The systems restarts approximate 58 minutes after starting the
rhr-ddX test. This test is part of the "Red Hat Ready Certification Testing
(rhr-core-1.8-1.noarch.rpm, rhr-auto-1.8-1.noarch.rpm, rhr-interactive-1.8-
Version-Release number of selected component (if applicable)
Steps to Reproduce:
1. Install all "rhr-xxx-1.8-1.noarch.rpm" RPMs
2. Start "rhr-ddX"
After the restart we found following information inside
"event log" and "/var/log/messages":
X SERVPROC 02/27/03 17:10:45 Resetting system due to an unrecoverable error
X SERVPROC 02/27/03 17:10:45 Upper CEC Machine Check, TW_MCKC: 
X SERVPROC 02/27/03 17:10:45 Lower CEC Machine Check, TW_MCKC: 
X SERVPROC 02/27/03 17:10:42 Upper CEC Machine Check, CYC_MCK2: 
X SERVPROC 02/27/03 17:10:33 Lower CEC Machine Check, CYC_MCK2: 
Feb 27 15:22:23 pdb0362c rhr-Config: succeeded
Feb 27 15:22:23 pdb0362c rhr-Zresults: succeeded
Feb 27 15:22:23 pdb0362c rhr-Config: succeeded
Feb 27 15:22:30 pdb0362c rhr-INFO: succeeded
Feb 27 15:22:30 pdb0362c last message repeated 4 times
Feb 27 15:22:31 pdb0362c kernel: hda: ATAPI 24X DVD-ROM drive, 512kB Cache, UDMA
Feb 27 15:22:31 pdb0362c kernel: Uniform CD-ROM driver Revision: 3.12
Feb 27 15:31:29 pdb0362c kernel: loop: loaded (max 8 devices)
Feb 27 15:39:12 pdb0362c login(pam_unix): session opened for user root by
Feb 27 15:39:12 pdb0362c -- root: ROOT LOGIN ON tty2
Feb 27 16:14:31 pdb0362c rhr-cdromdata: succeeded
Feb 27 16:14:35 pdb0362c modprobe: modprobe: Can't locate module char-major-81
Feb 27 16:33:10 pdb0362c modprobe: modprobe: Can't locate module char-major-81
Feb 27 16:52:53 pdb0362c modprobe: modprobe: Can't locate module char-major-81
Feb 27 17:11:08 pdb0362c syslogd 1.4.1: restart.
The Red Hat HCL entry for the identical IBM xSeries 440 include no hints for
"non-native" drivers ( specially for the graphic driver "savage_drv.o" )
Can you please attach the /var/log/messages file from when this occurs,
as well as the complete output of:
Also attach the X server log and config file please.

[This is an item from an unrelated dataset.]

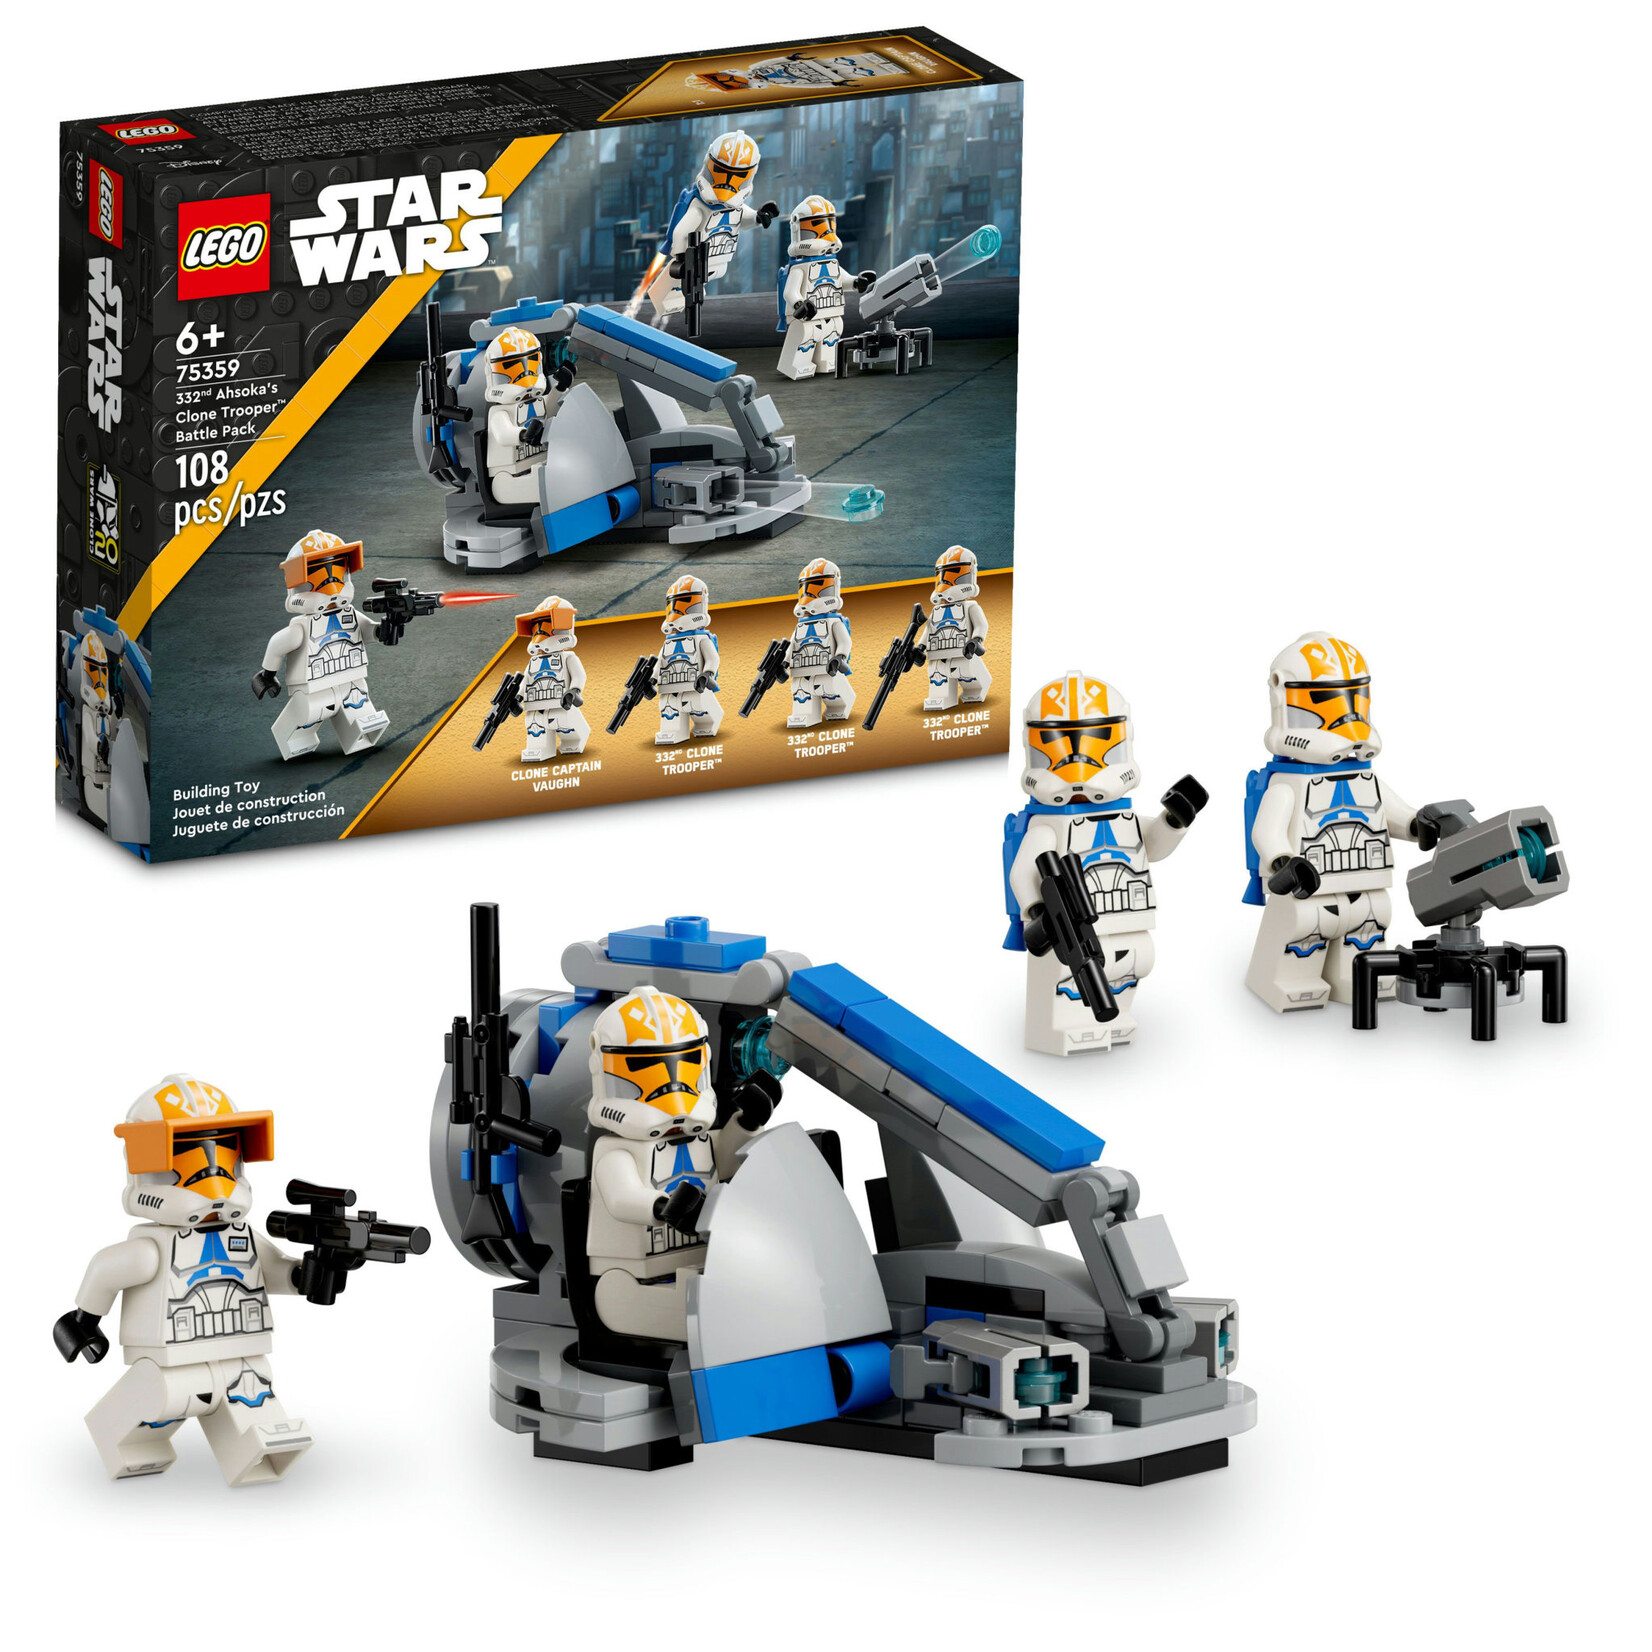 LEGO LEGO Star Wars 332nd Ahsoka's Clone Trooper Battle Pack 75359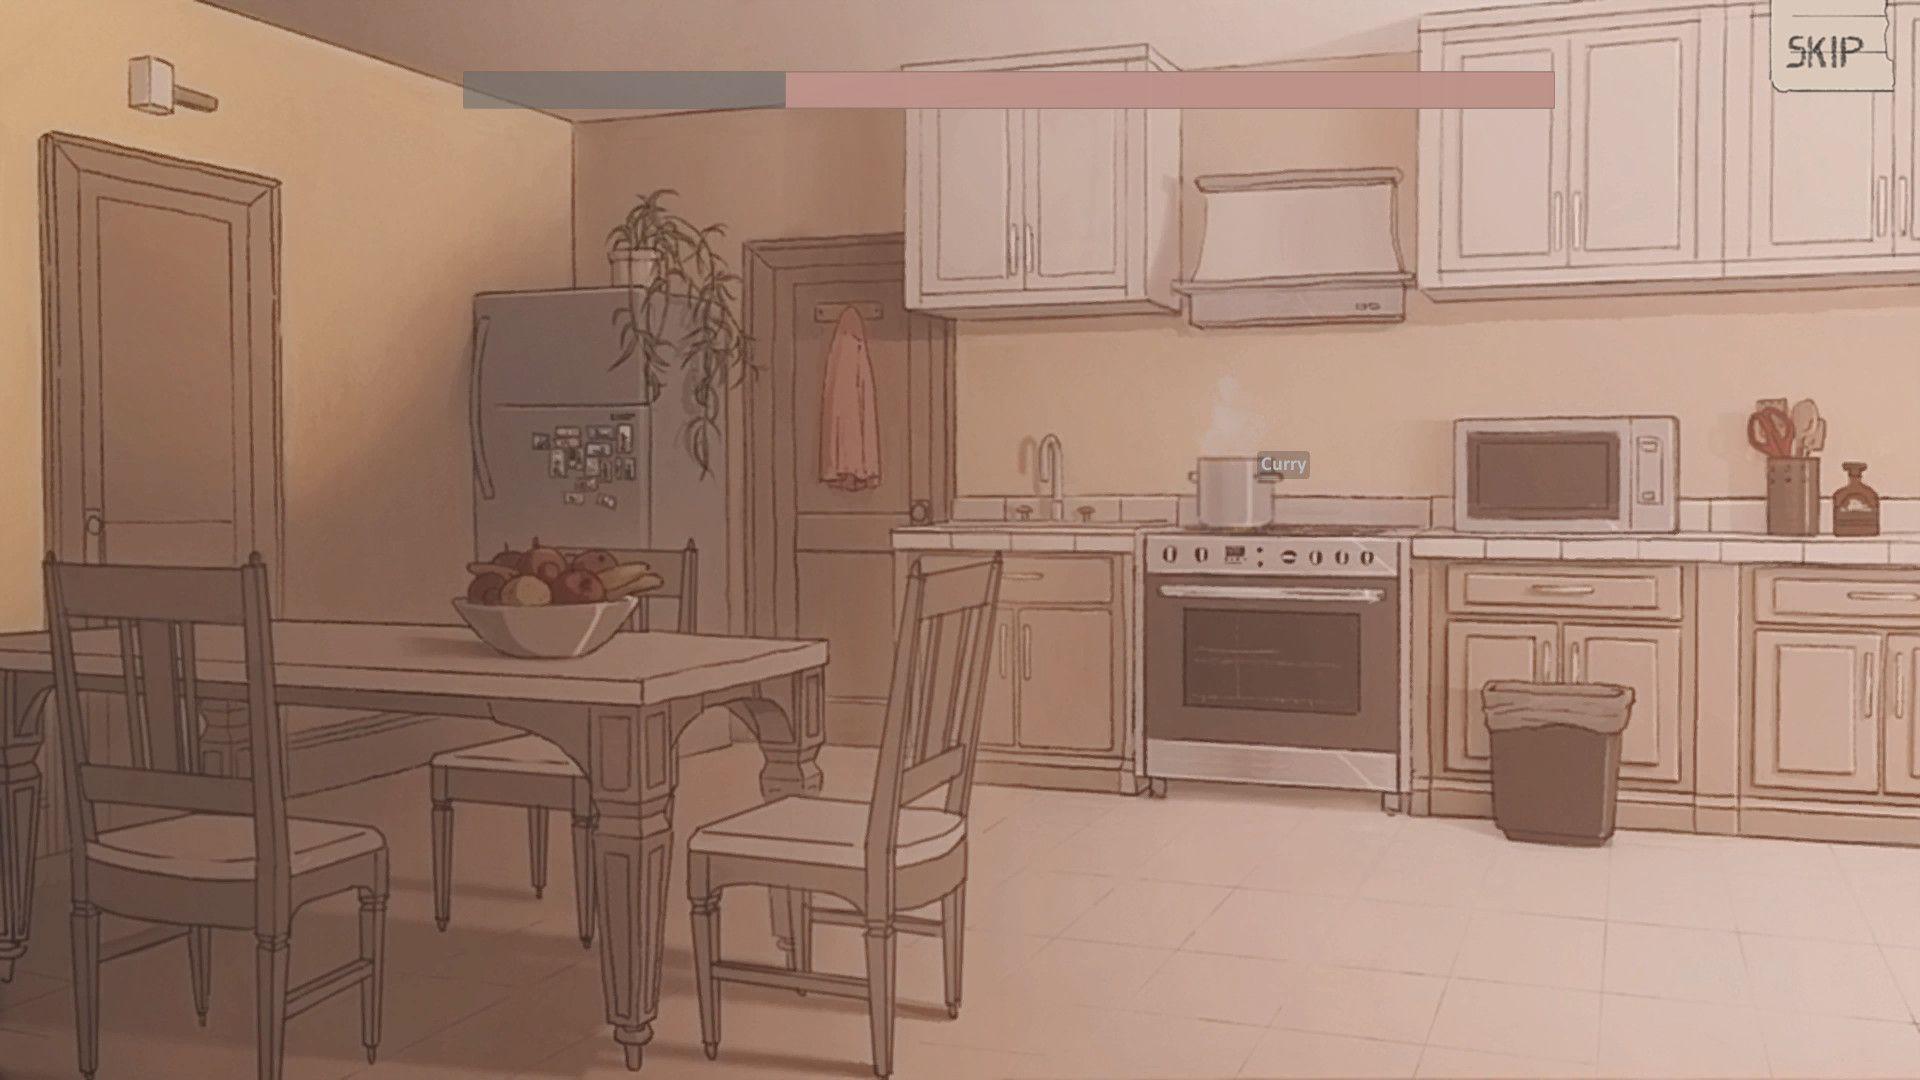 Anime kitchen wallpapers: Người yêu thích truyện tranh Nhật Bản sẽ không muốn bỏ qua những hình nền về bếp trong phong cách anime! Những tuyệt tác nghệ thuật với màu sắc tươi sáng và họa tiết động đậm chất xoay quanh các món ăn ưa thích của nhân vật sẽ khiến bạn phấn khích. Translation: Anime fans won\'t want to miss out on the kitchen wallpapers in anime style! These artistic masterpieces with vibrant colors and lively patterns revolving around the favorite foods of characters will make you excited.

Also, what exact RPM release of XFree86 are you using?
rpm -qa | grep XFree86
Thanks in advance.
Created attachment 90411 [details]
Attachment contains following files :
GrepXFree86.txt, lsmod.txt, lspci.txt, messages,
Please make all file attachments separate individual text/plain file
attachments so that they can be easily viewed by clicking on them in the
It is a lot of extra effort to download a tarball, decompress it, then
try keep track of the various files throughout the life of a bug. They
get lost, and require redownloading each time to view them. When multiplied
times several bug reports, it quickly becomes very unmanageable.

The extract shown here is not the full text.